Example 2: A call to MPI_Type_vector(3, 1, -2, oldtype, newtype) will create the datatype

    {(double, 0), (char, 8), (double, -32), (char, -24), 
    (double, -64), (char, -56)}
In general, assume that oldtype has type map
    {(type(0), disp(0)), ..., (type(n-1), disp(n-1))},
with extent ex. Let bl be the blocklength. The newly created datatype has a type map with count x bl x n entries:
    {(type(0), disp(0)), ..., (type(n-1), disp(n-1)),
    (type(0), disp(0) + ex), ..., (type(n-1), disp(n-1) + ex), ...,
    (type(0), disp(0) + (bl -1) * ex),..., 
    (type(n-1), disp(n-1) + (bl -1)* ex),
    (type(0), disp(0) + stride * ex),..., (type(n-1), 
    disp(n-1) + stride * ex), ...,
    (type(0), disp(0) + (stride + bl - 1) * ex), ..., 
    (type(n-1), disp(n-1) + (stride + bl -1) * ex), ...,
    (type(0), disp(0) + stride * (count -1) * ex), ...,
    (type(n-1), disp(n-1) + stride * (count -1) * ex), ...,
    (type(0), disp(0) + (stride * (count -1) + bl -1) * ex), ...,
    (type(n-1), disp(n-1) + (stride * (count -1) + bl -1) * ex)}
A call to MPI_Type_contiguous(count, oldtype, newtype) is equivalent to a call to MPI_Type_vector(count, 1, 1, oldtype, newtype), or to a call to MPI_Type_vector(1, count, n, oldtype, newtype), n arbitrary.

ERRORS

Almost all MPI routines return an error value; C routines as the value of the function and Fortran routines in the last argument. C++ functions do not return errors. If the default error handler is set to MPI::ERRORS_THROW_EXCEPTIONS, then on error the C++ exception mechanism will be used to throw an MPI::Exception object.

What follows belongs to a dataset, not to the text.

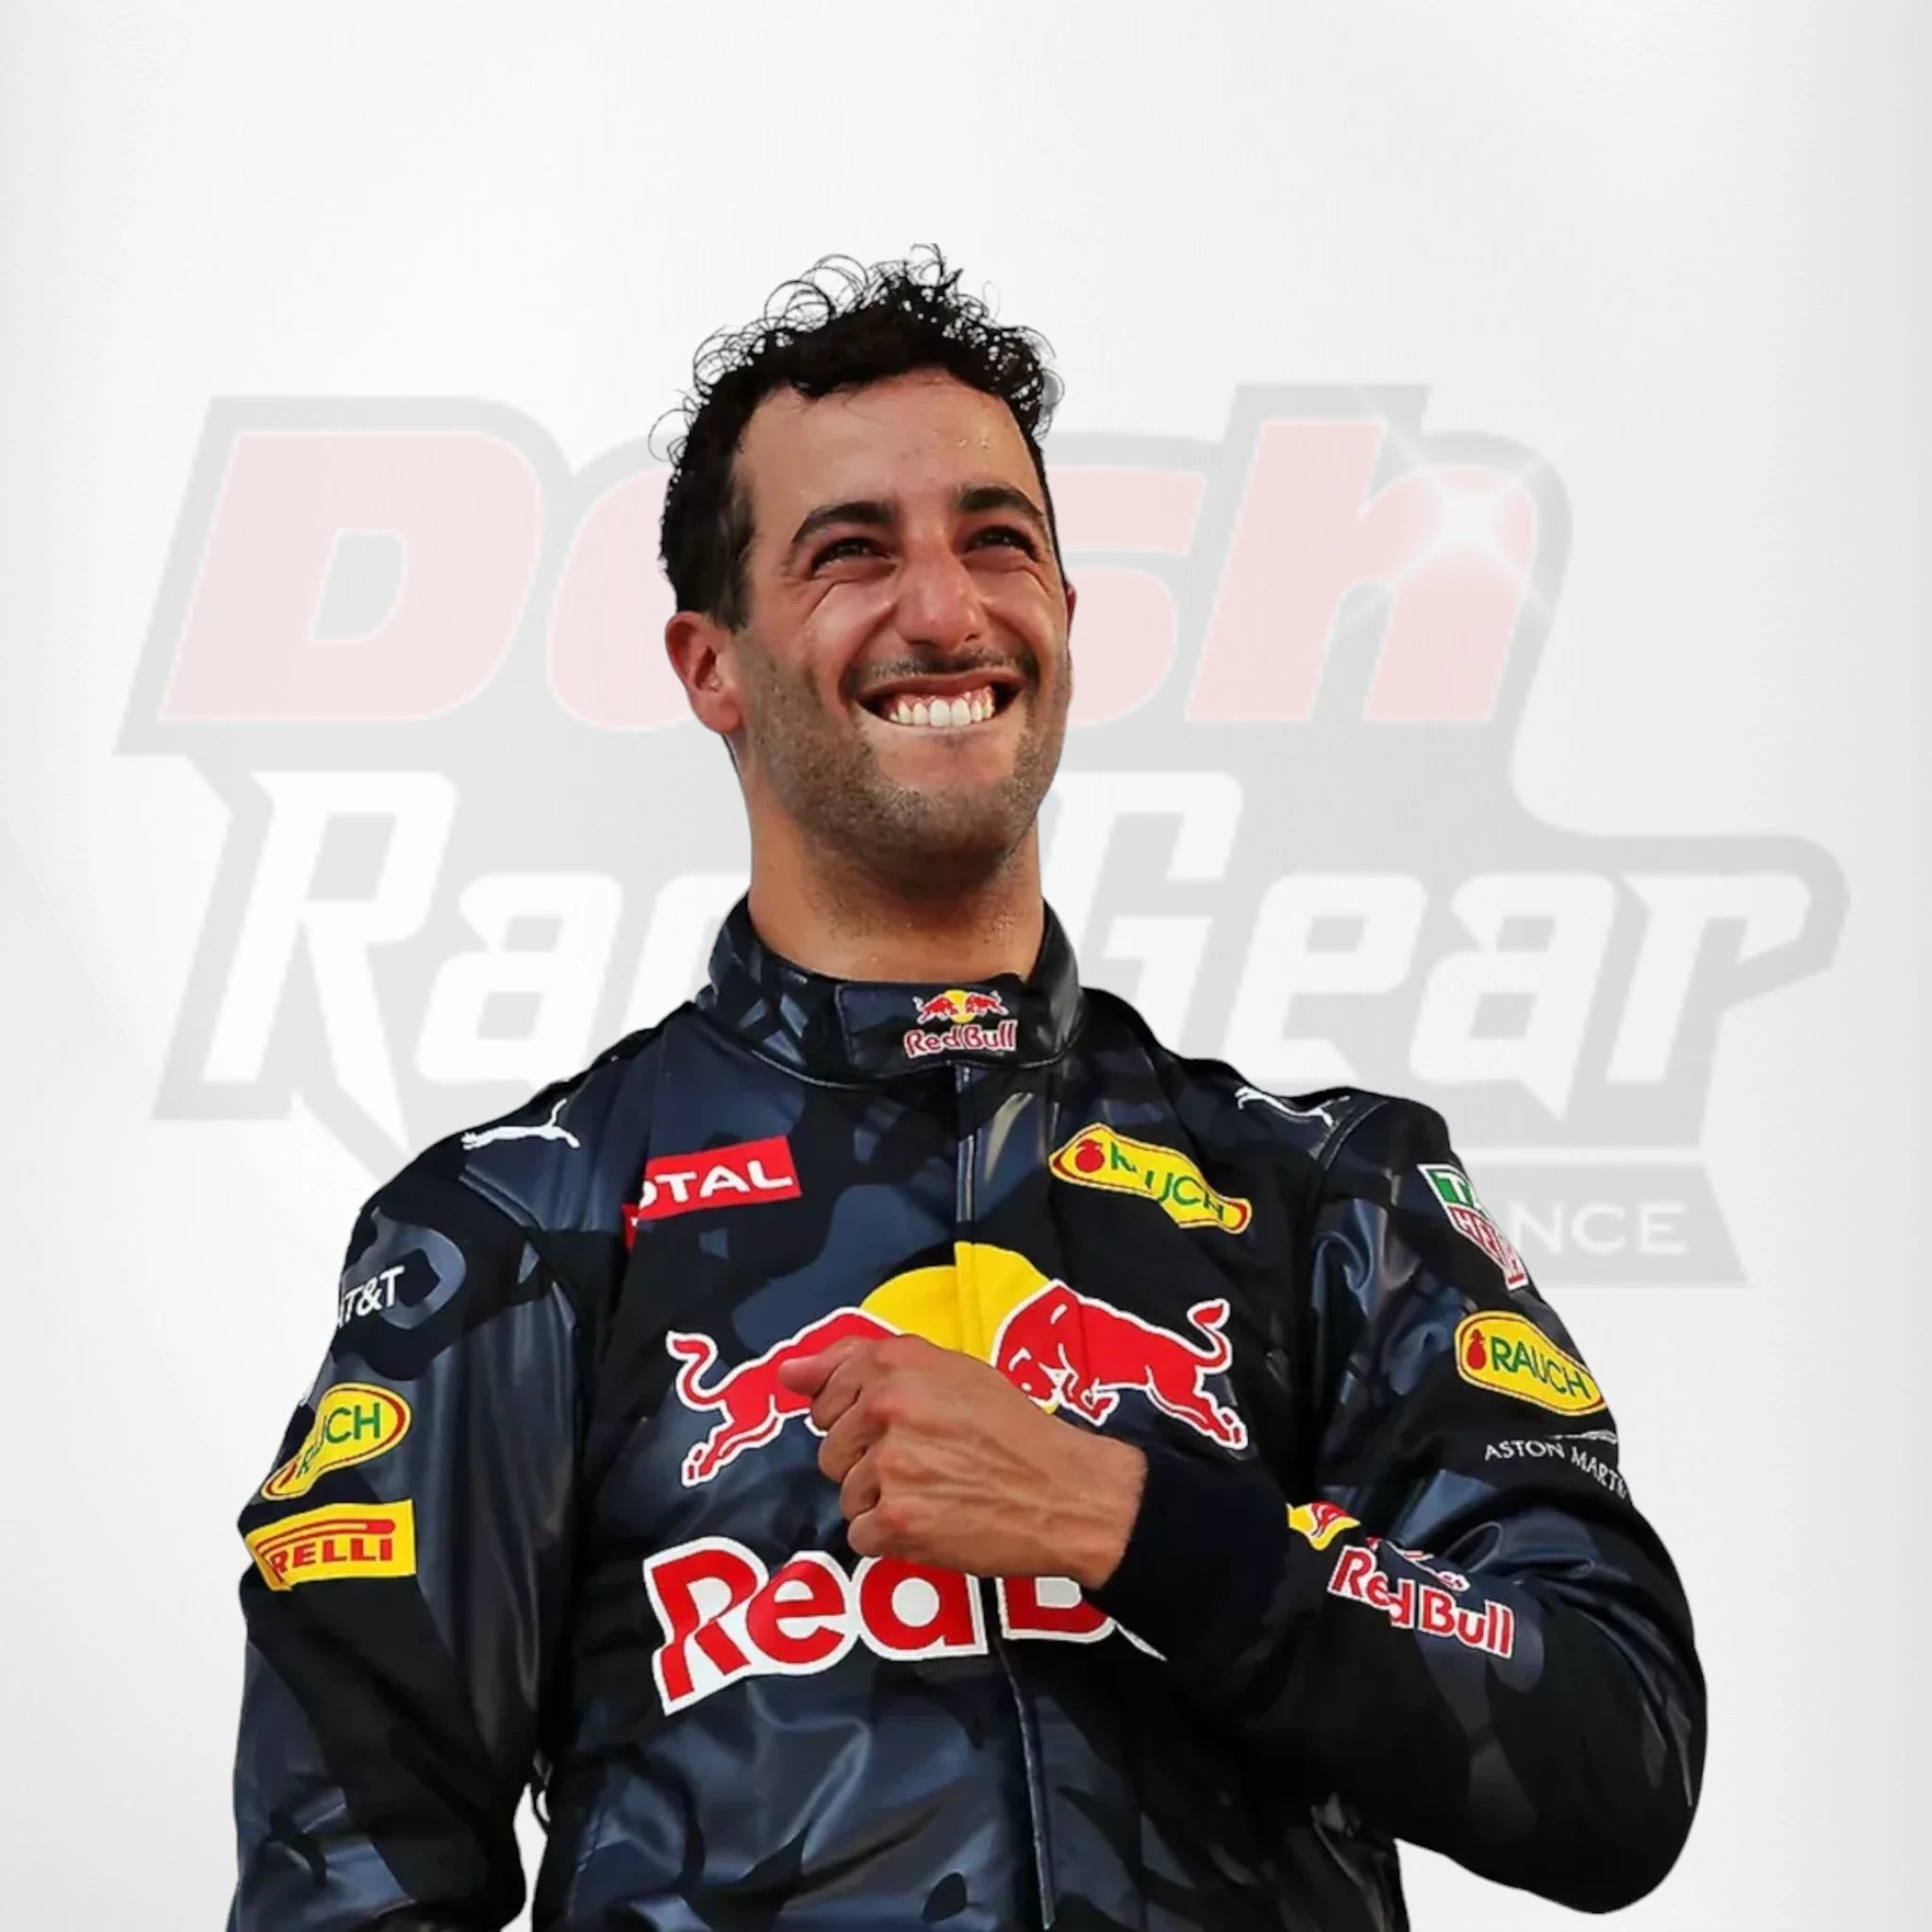 2016 Red Bull Daniel Ricciardo Formula 1  Race Suit

Before the error value is returned, the current MPI error handler is called. By default, this error handler aborts the MPI job, except for I/O function errors. The error handler may be changed with MPI_Comm_set_errhandler; the predefined error handler MPI_ERRORS_RETURN may be used to cause error values to be returned. Note that MPI does not guarantee that an MPI program can continue past an error.